### Work order
Output the whole listing exactly, except for the pictures in it.

### Source material

====

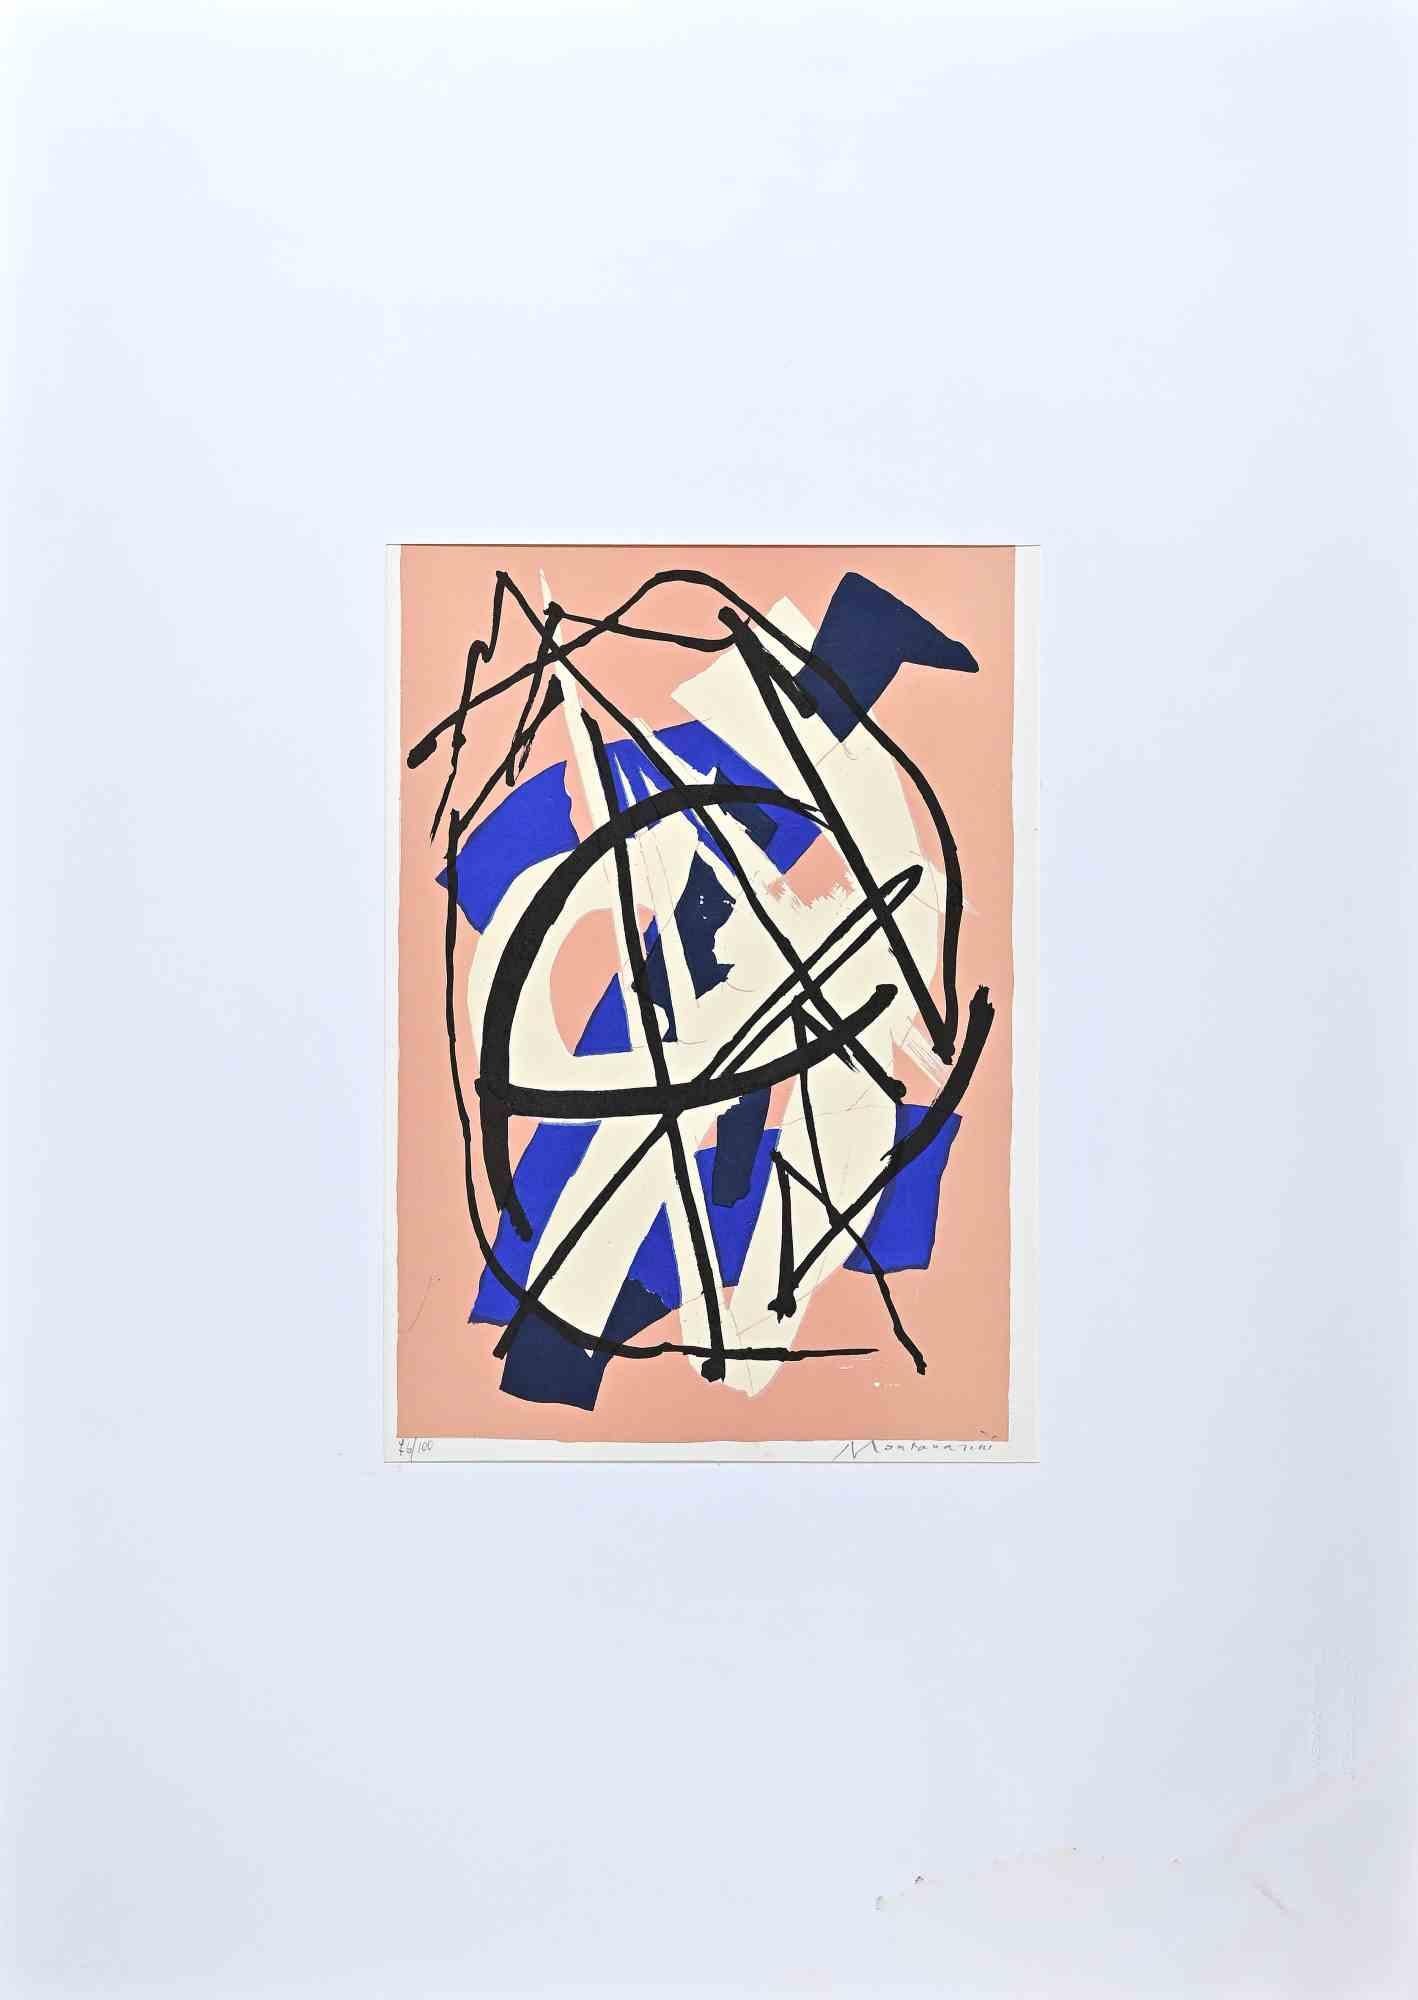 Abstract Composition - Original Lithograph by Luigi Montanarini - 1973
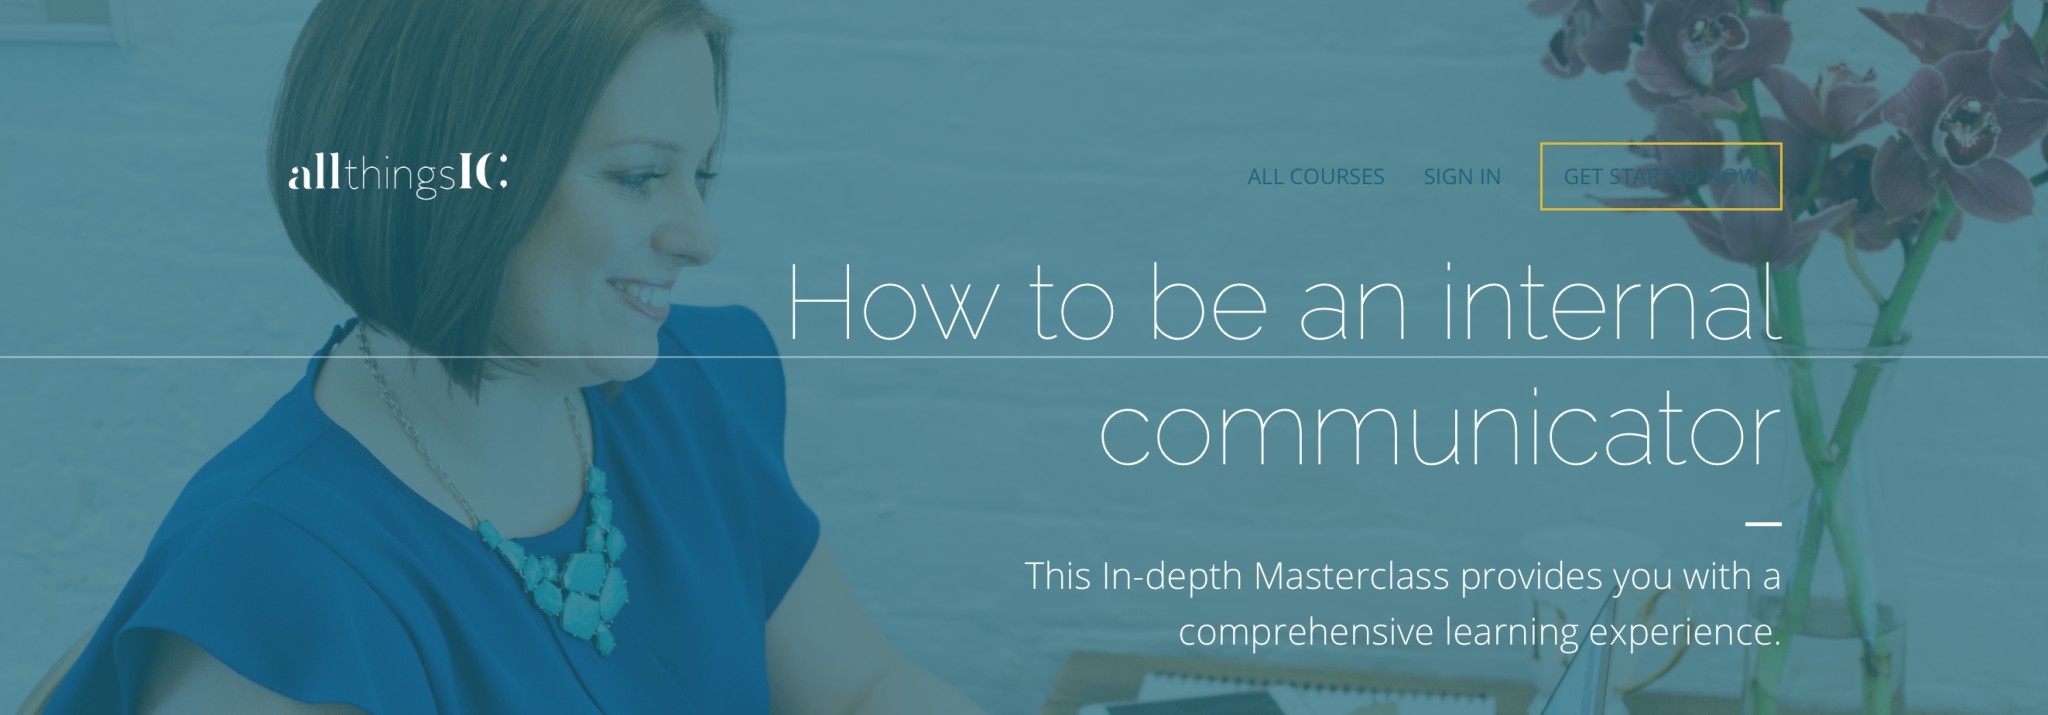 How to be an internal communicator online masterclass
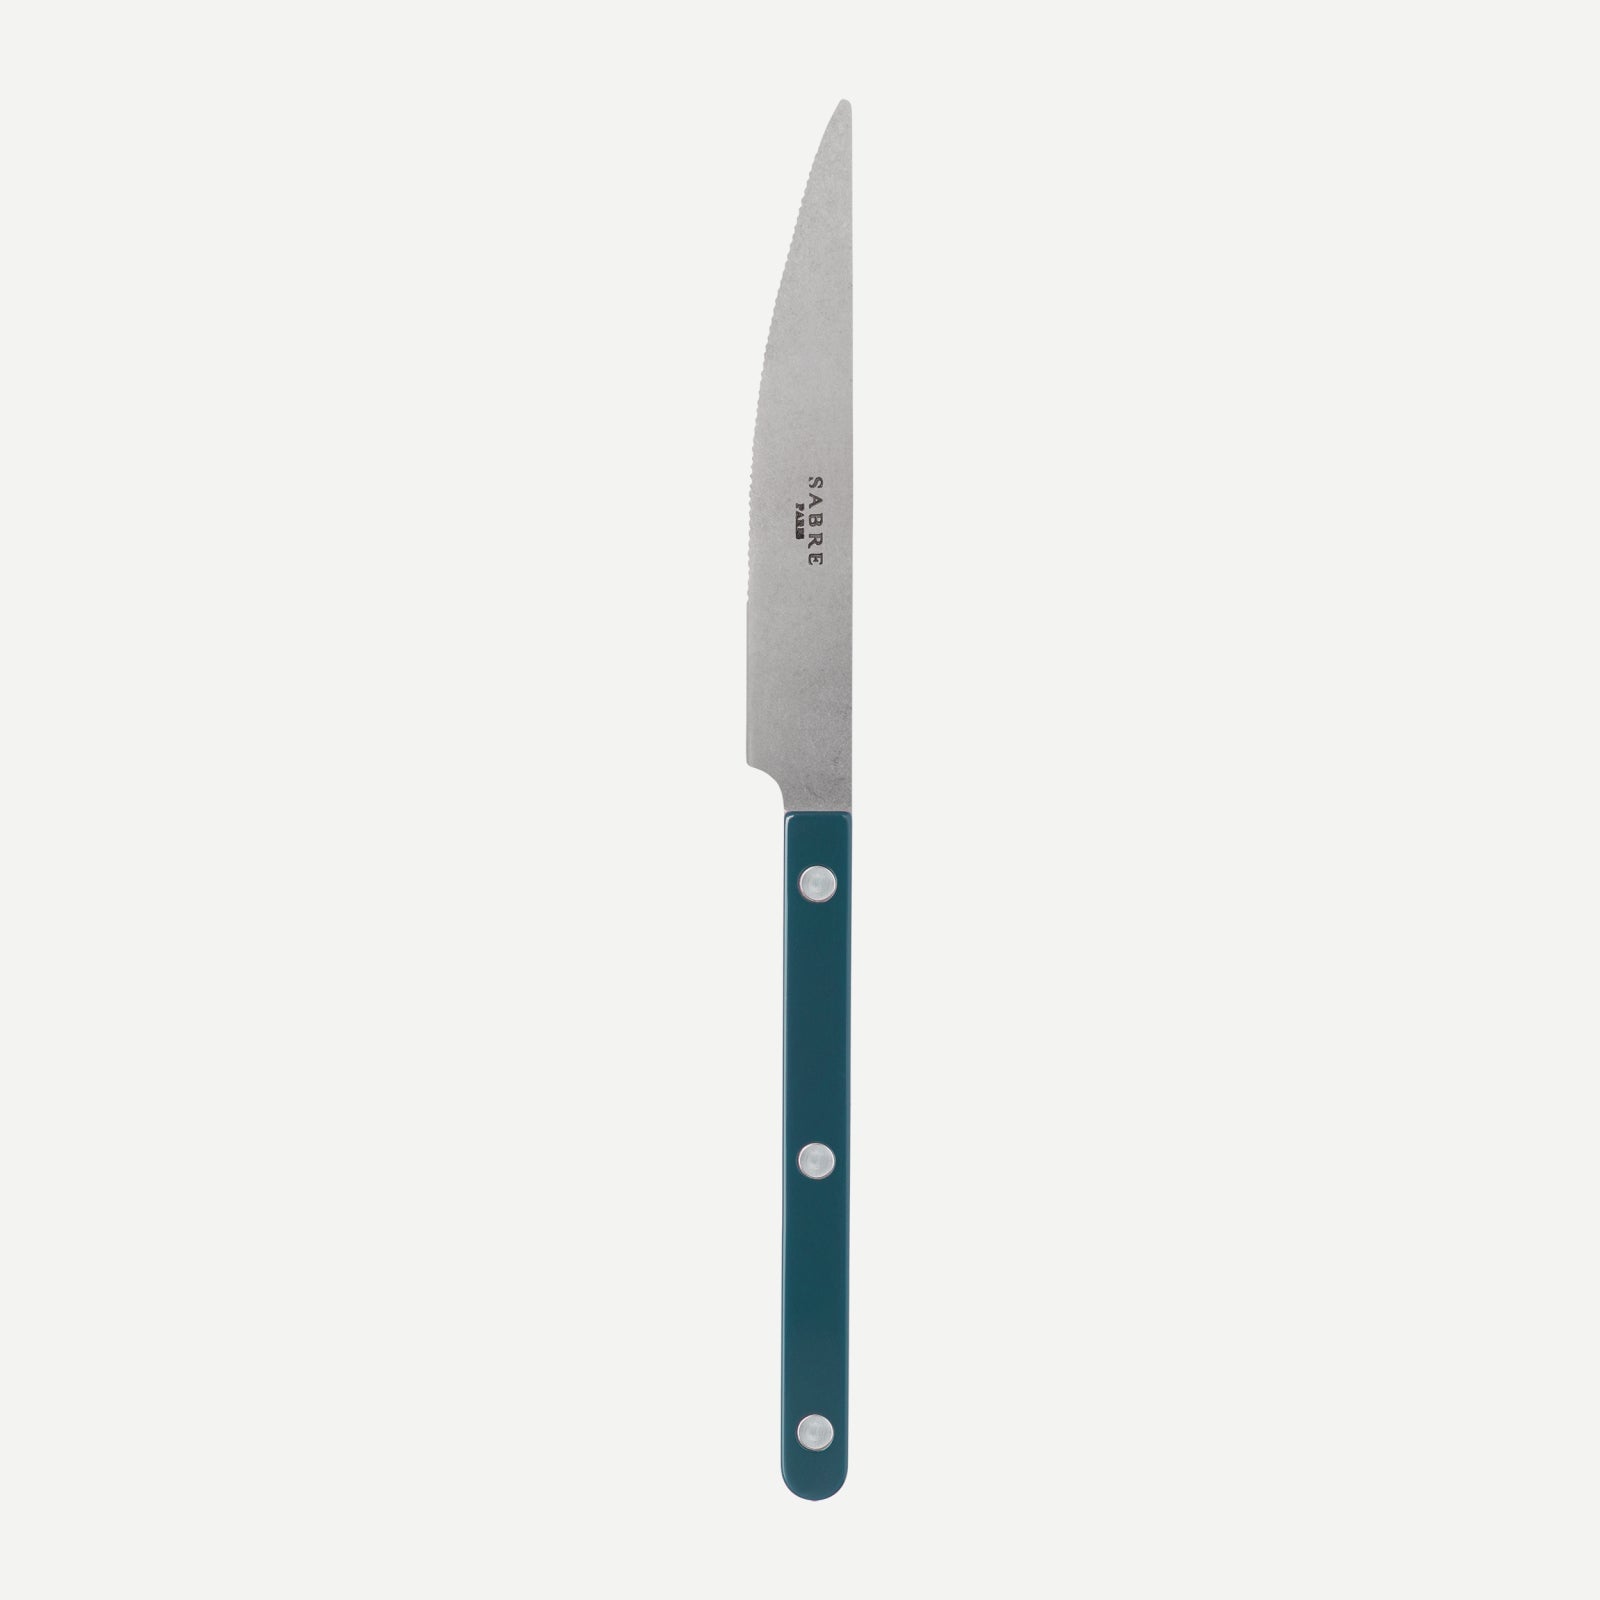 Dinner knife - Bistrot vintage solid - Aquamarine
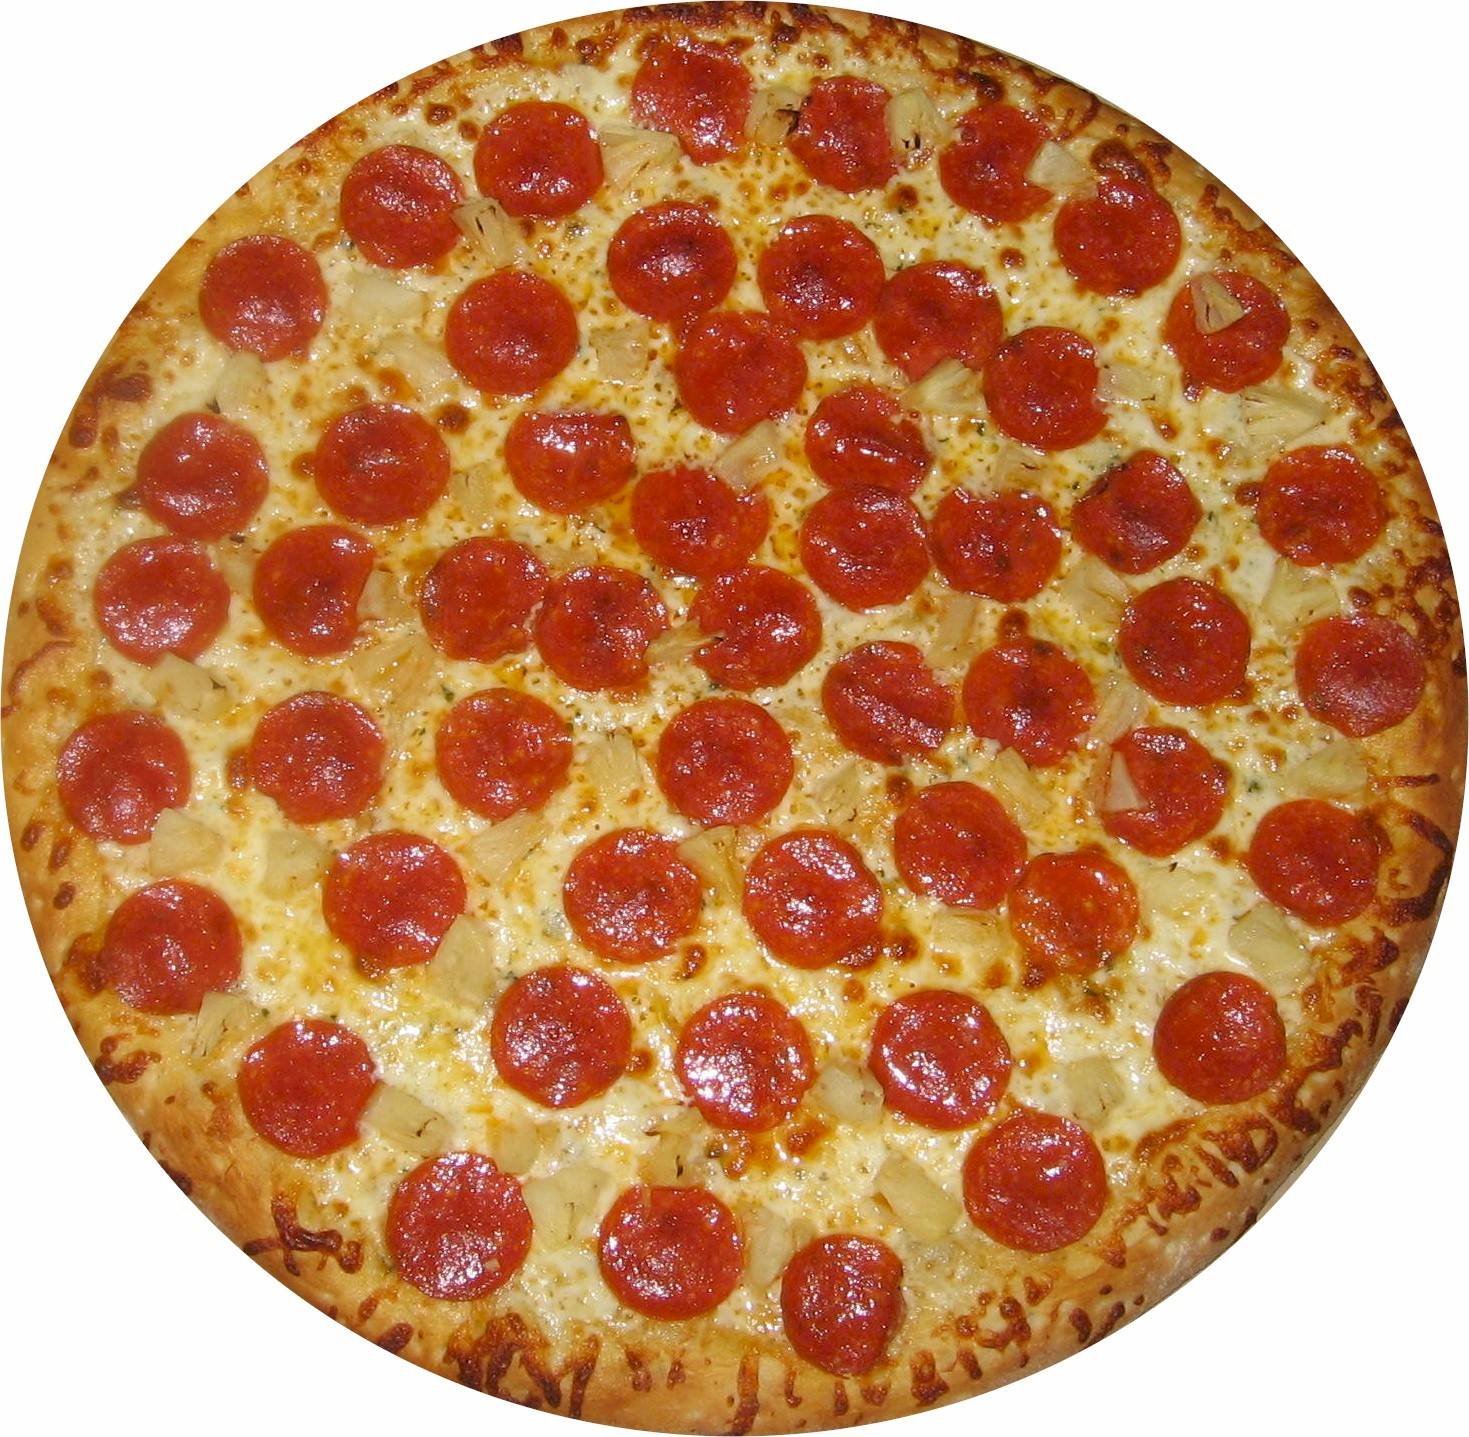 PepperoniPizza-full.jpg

====

### Response to the exercise
 Abstract Composition - Original Lithograph by Luigi Montanarini - 1973
 How to be an internal communicator online masterclass
 Dinner knife - Bistrot vintage solid - Aquamarine
 PepperoniPizza-full.jpg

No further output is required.